Я быстро заглядываю в сумку, надеясь увидеть фиолетовый дневник, но вижу лишь щетку для волос, пухлый черный бумажник и тюбик увлажняющего крема.
— У меня сегодня особый гость. Поздоровайся с Аароном, Олли. — Она смотрит на меня. Я не двигаюсь. — Он тебе машет. — Зоуи опускает рычажок на черной коробочке; красная лампочка гаснет. — Я могу с ним говорить, а он со мной нет — зрители услышат, — объясняет она. — Аарон — ассистент режиссера.
— А я думал, актер.
— О, я передам, что ты так подумал. Аарон терпеть не может актеров. — Она наклоняется и нажимает кнопочку на пульте.
Прожектор над фигурой рассказчика гаснет. Зоуи выжидает несколько секунд и снова нажимает ту же кнопочку. Сцену заливает золотистый свет.
— Значит, ты и за звук и за свет отвечаешь? Круто, — говорю я и притворяюсь впечатленным. Очень важно, чтобы Зоуи думала, будто я купился на все эти сказки о ее «новой жизни».
— О да.

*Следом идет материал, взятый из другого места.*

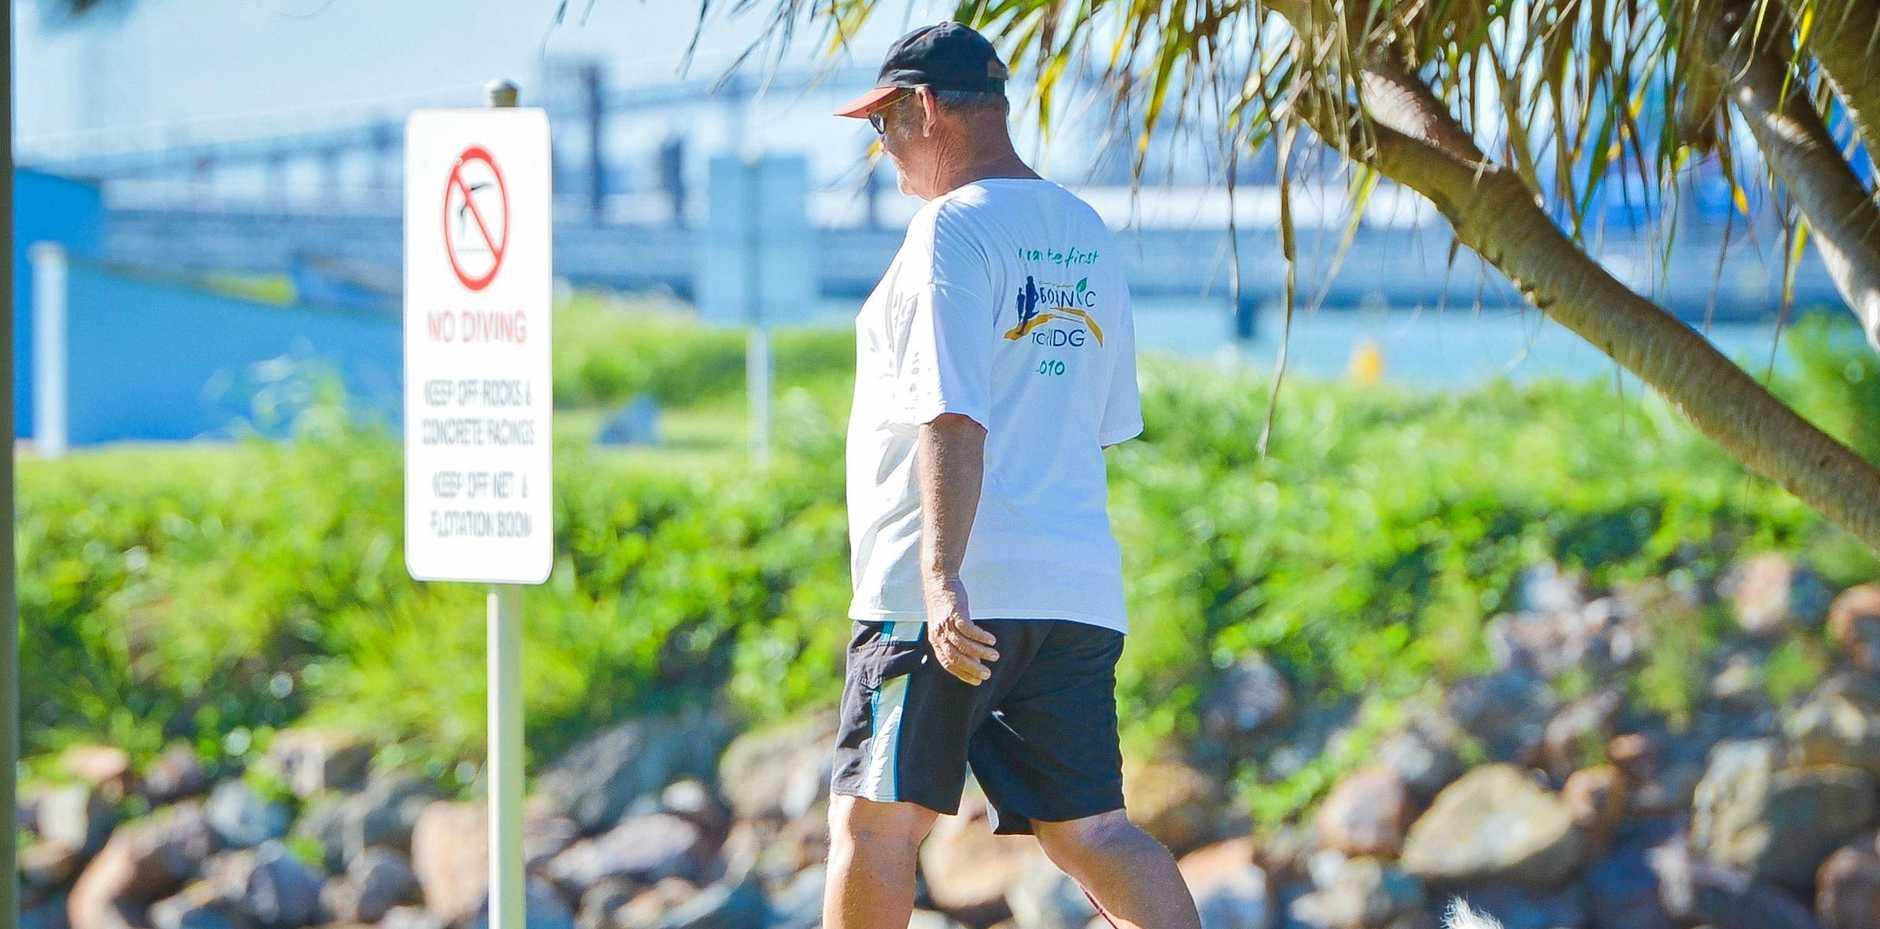 Bob Green walks Amy at Spinnaker Park 7 days a week.

Можешь звать меня просто Гудини. — Она грозит мне растопыренными пальцами, как злой волшебник. — Вообще-то, я программирую весь свет на компьютере заранее, поэтому мне только остается нажать кнопочку в нужное время. Вот и вся загадка.
— О. И все равно круто.
— Поэтому мне здесь все время скучно. И я только и делаю, что треплюсь с Аароном.
Наверное, Аарон и научил ее, как перестать быть изгоем.
Во время первого большого музыкального номера мы придвигаем кресла поближе к пульту управления чтобы видеть сцену целиком. Эта та часть пьесы, где еврейская театральная труппа репетирует перед выступлением. Кое-кто из евреев поет мимо нот и путает танцевальные па. Но это не слишком смешно. Зоуи знакомит меня с труппой.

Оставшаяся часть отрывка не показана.